$a\\$ - edge length at the base of the pyramid.
$b\\$ - length of the side edges of the pyramid.
$V\\$ = $const\\$.
I minimize: $3a+3b->min\\$
$V=\frac{1}{3}Sh\\$
$h=\sqrt{b^2-\frac{1}{3}a^2}\\$
$S=\frac{\sqrt{3}}{4}a^2\\$
$V=\frac{1}{3}*\frac{\sqrt{3}}{4}a^2*\sqrt{b^2-\frac{1}{3}a^2}\\$ - from here I expressed the parameter $b\\$ and substituted in $3a+3b->min\\$
$b=\sqrt\frac{V^2+\frac{3a^6}{432}}{\frac{3a^4}{144}}\\$
After substitution, I found the derivative and equated it to zero, but the derivative was too complex, it seems to me that I am doing something wrong.

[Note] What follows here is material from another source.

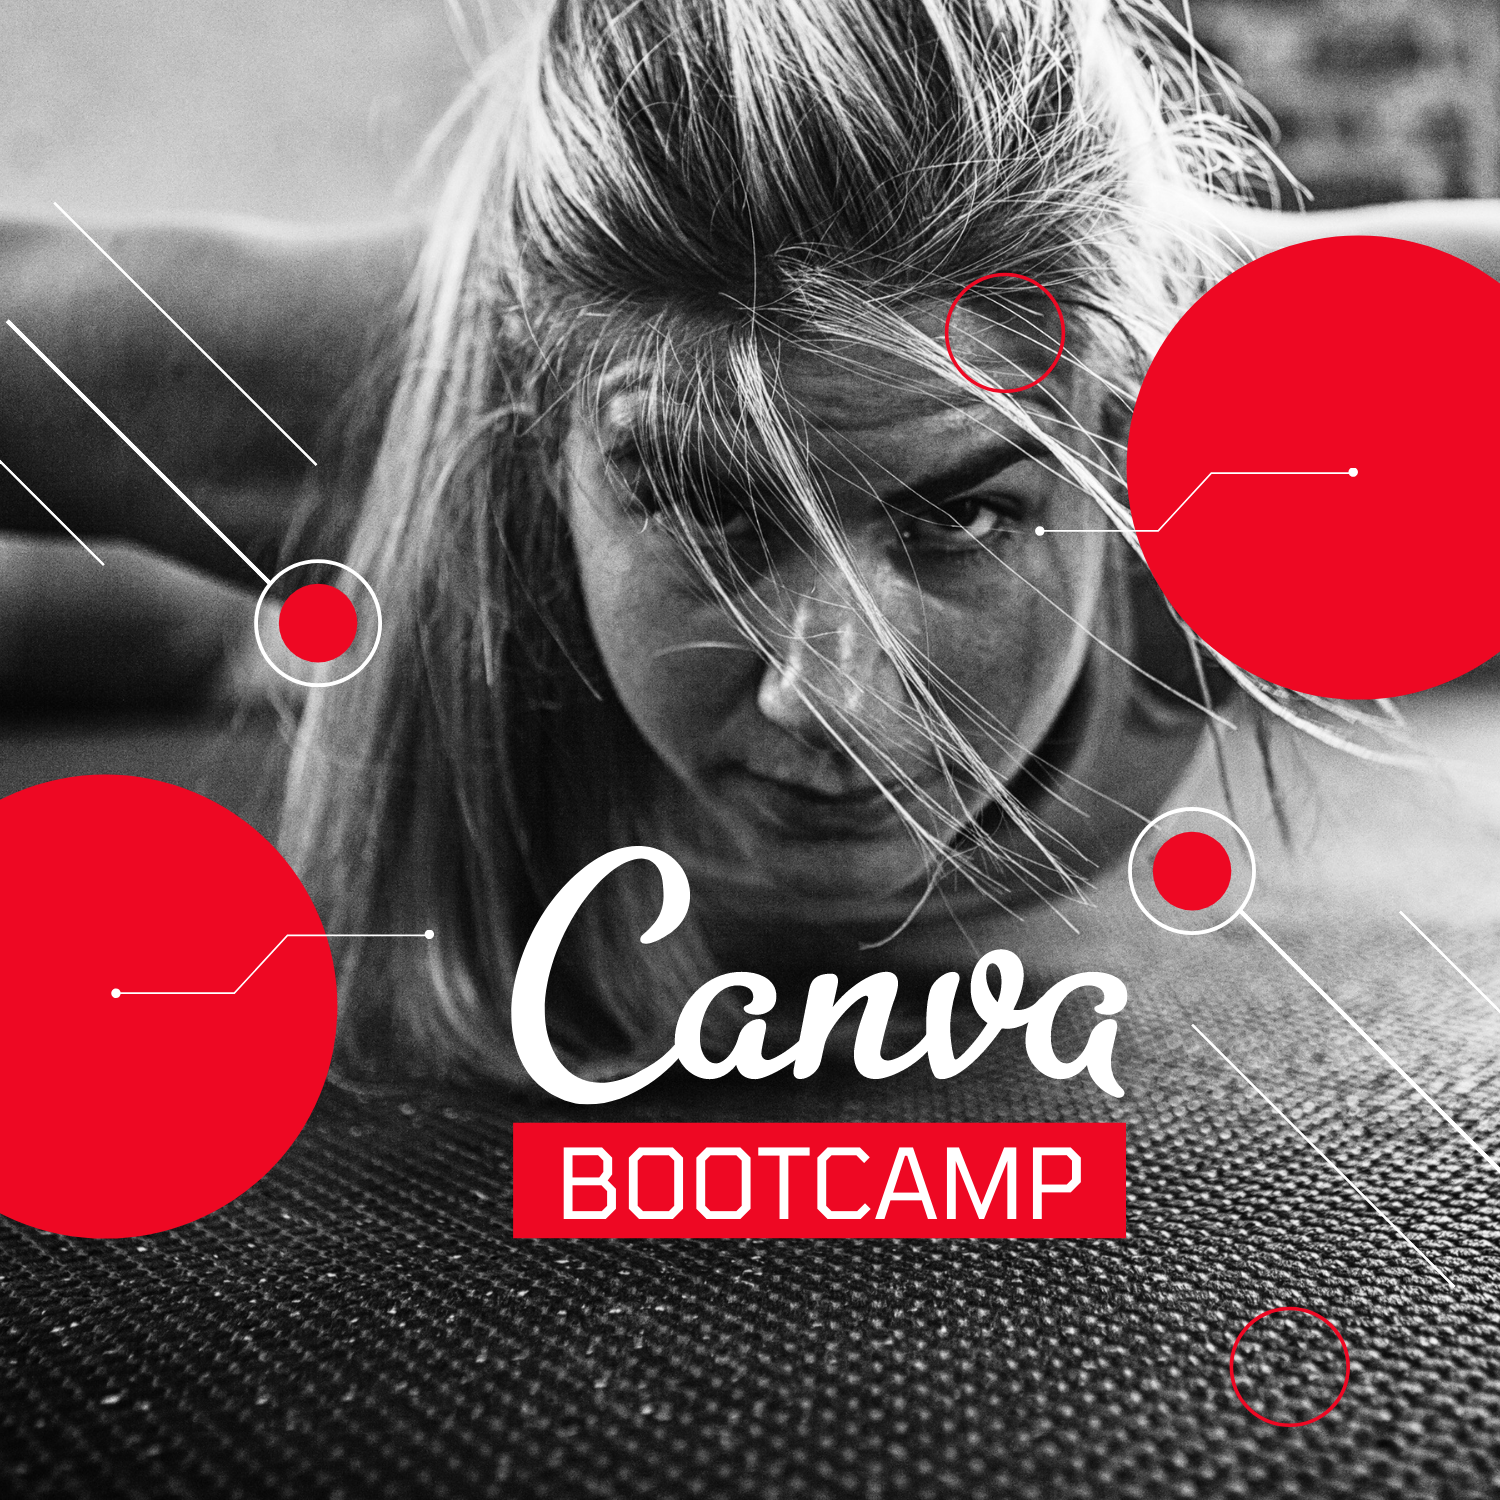 Canva bootcamp

Derivative: $3+\frac{a^6-288V^2}{a^5*\sqrt{\frac{48V^2}{a^4}+\frac{a^2}{3}}}=0\\$
How to express $a\\$ from here?
As brought up in the comments, we have that
$$ b=\sqrt{\frac{144{V^2}}{3a^4}+\frac{1}{3}a^2}. $$
You wish to minimize the function
$$ f(a)=a+\sqrt{\frac{144{V^2}}{3a^4}+\frac{1}{3}a^2} $$
by equating the derivative to zero (note that I dropped the scaling multiplication by $3$, since it does not affect the minimizer). Introducing the notation $k=144V^2/3$ and $m=1/3$, the derivative of $f$ is
$$ f'(a)=1-\frac{\big(\frac{2k}{a^5}-ma\big)}{\sqrt{\frac{k}{a^4}+ma^2}} $$
Equate this to zero, and get
$$ \sqrt{\frac{k}{a^4}+ma^2}=\frac{2k}{a^5}-ma $$
Multiply both sides by $a^5$:
$$ \sqrt{ka^6+ma^{12}}=2k-ma^6. $$
Introduce the notation $x\equiv{a^6}$, and this becomes
$$ \sqrt{mx^2+kx}=2k-mx. $$
Square both sides (at this point we need to be careful about choosing the right signs):
$$ m(1-m)x^2+k(1+4m)x-4k^2=0. $$
Solve with the quadratic formula (choose the proper sign), and substitute $x=a^6$ to get the final answer.